Безумным кажется порою царевич, особенно когда подымают его на виске и кнут, просвистав, падает на нежное, малокровное тело страдальца... Глаза тускнеют, устремлённые постоянно на лицо отца; пена проступает на побелелых губах; а нижняя челюсть так часто-часто дрожит и зубы выстукивают мелкую, внятную дробь... Но не плачет теперь, не синеет от воплей и мольбы царевич, как в первые разы... Ужас у него в глазах и ненависть безмерная, но молчаливая, пугливая, как у дикого зверя, попавшего в западню, откуда нельзя выдернуть раздробленной лапы, потому что малейшая попытка рвануться причиняет смертельную муку... И стоит изловленный зверь, видя приближение врагов, чуя смерть, ещё более мучительную, чем это ожидание её...
Пётр всё понимает, всё чувствует!.. Но вместо того чтобы разорвать на руках сына верёвки, разогнать палачей, крикнуть юноше:
— Прощаю!

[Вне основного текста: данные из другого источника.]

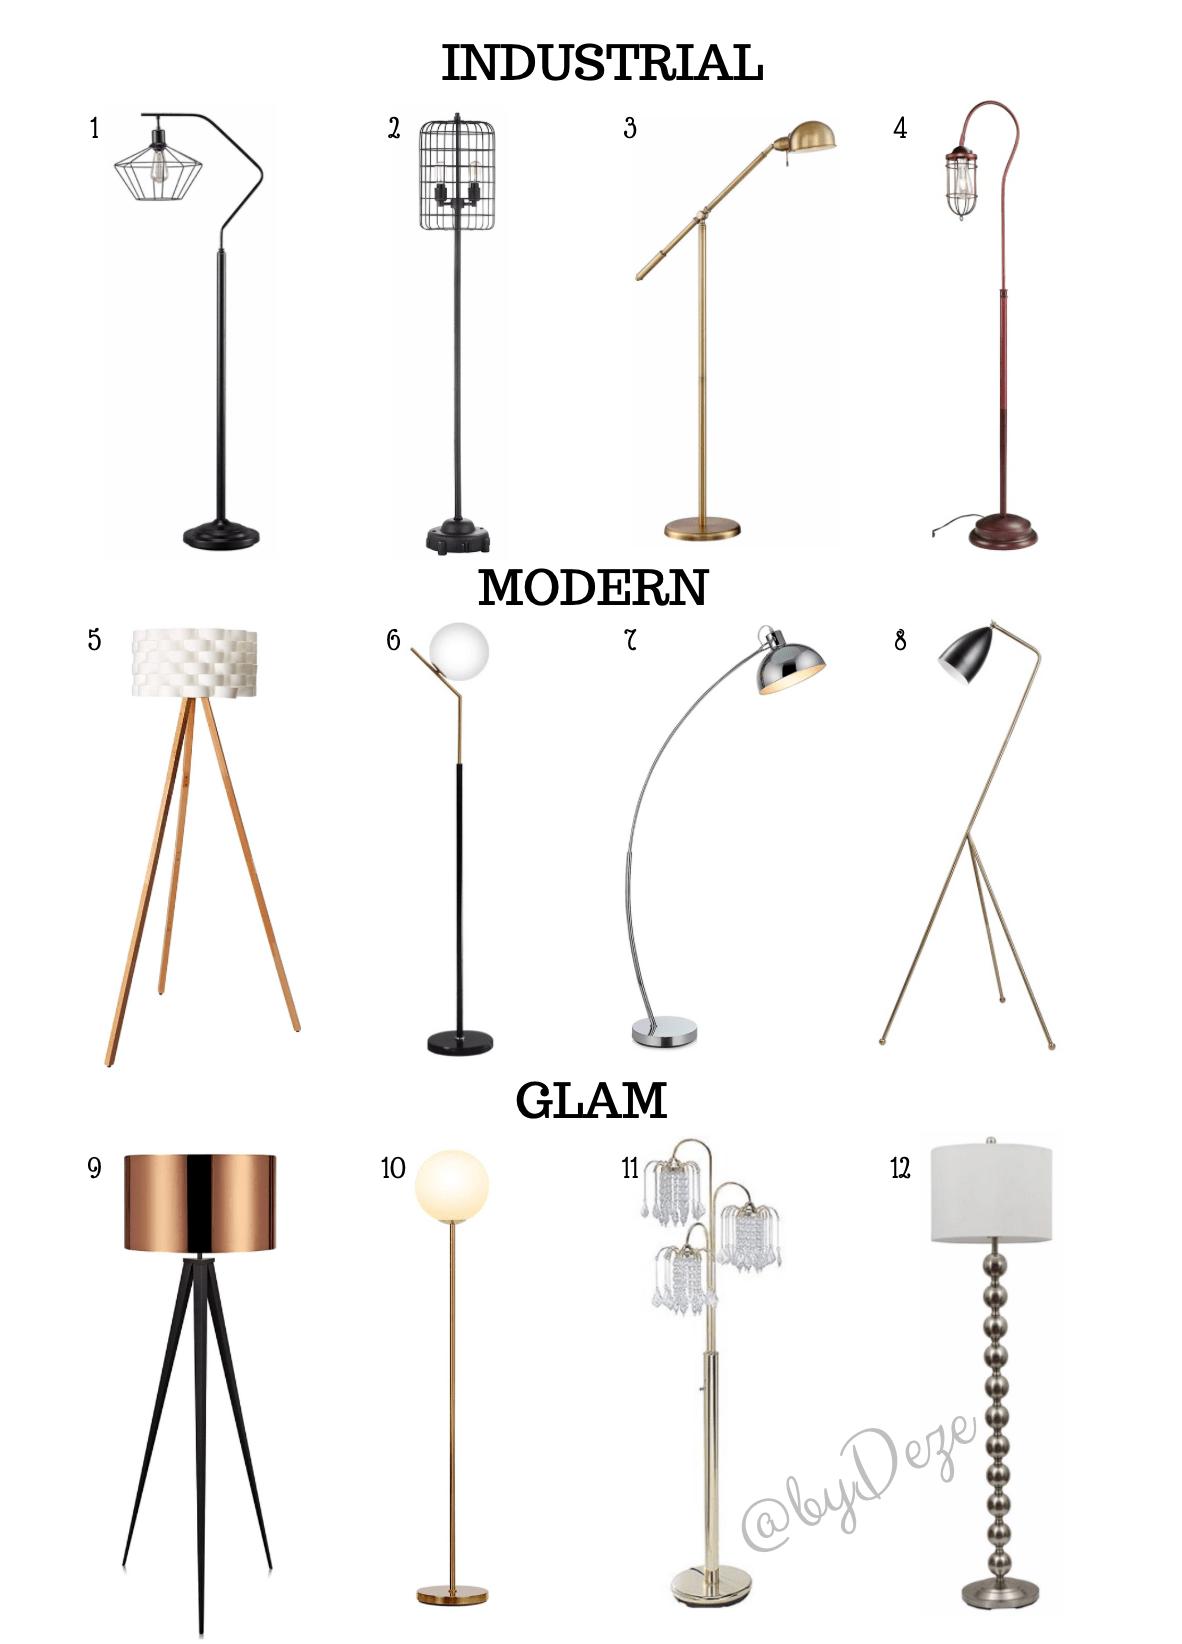 Cheap Floor Lamps All Under 75 Bydeze Floor Lamps Living Room Stylish Floor Lamp Cheap Floor Lamps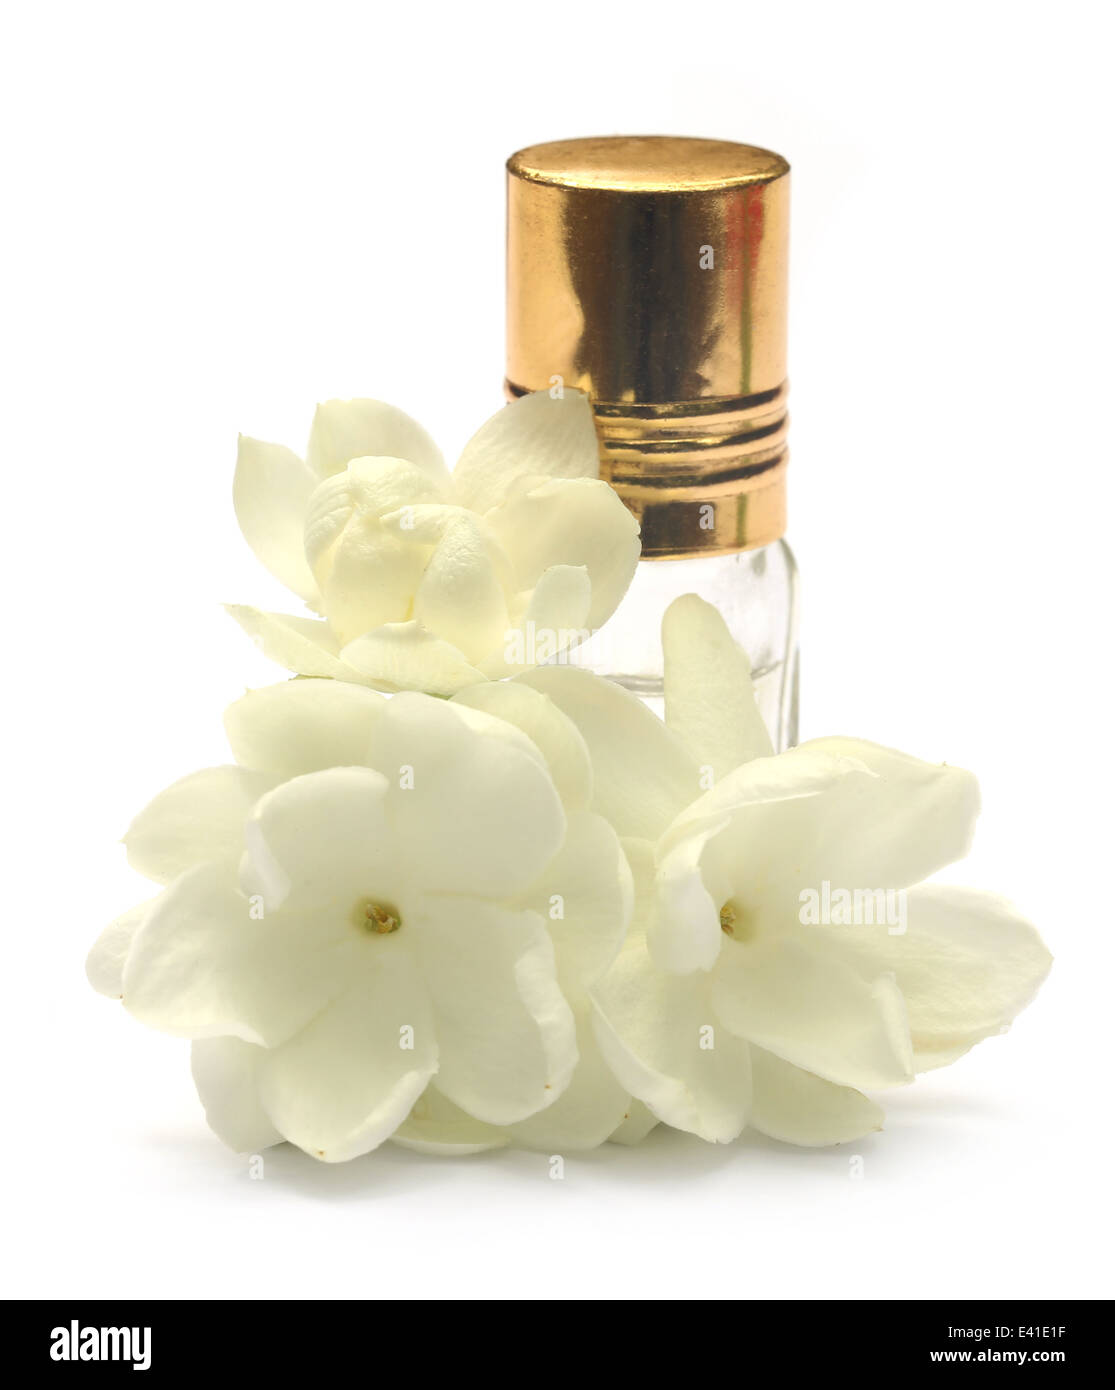 Perfume bottle jasmine flower stock photos perfume bottle jasmine jasmine flower with essence bottle over white background stock image izmirmasajfo

Ко мне! На грудь! Забудем всё...
Вместо этого — он ещё удваивает его телесную муку нравственной пыткой допросов, очных ставок и видом людей, которых неизменно приводит с собою...
Это все те же, бывшие «друзья», приверженцы тайные Алексея, о которых он поминал в своих показаниях, теперь ставшие его судьями и палачами.
Но им тоже достаётся каждый раз хорошая пытка, когда они смотрят на истязание юноши, которого толкнули на безумный шаг, а теперь покинули, как низкие холопы и предатели...
И Алексей старается даже не поглядеть в их сторону, а при случайной встрече глазами такое презрение выявляется на измученном, потемнелом лице его, что судьи готовы были бы очутиться на месте истязуемого, не встречать бы только этих глаз, этой гримасы отвращения, вызванного их видом!..
Пытая Алексея в самый день приговора, при тех же неизменных спутниках своих: при Шафирове, Стрешневе, Бутурлине, Голицыне, при князе Якове и Гагарине — Пётр всё ждёт, что царевич выйдет из своей странной закостенелости, из угрюмой подавленности и бросит новые тяжкие обвинения в лицо этим прежним друзьям и многим иным! Тогда с настоящим наслаждением станет пытать и терзать их Пётр, а не с болью в сердце, как делает это с сыном...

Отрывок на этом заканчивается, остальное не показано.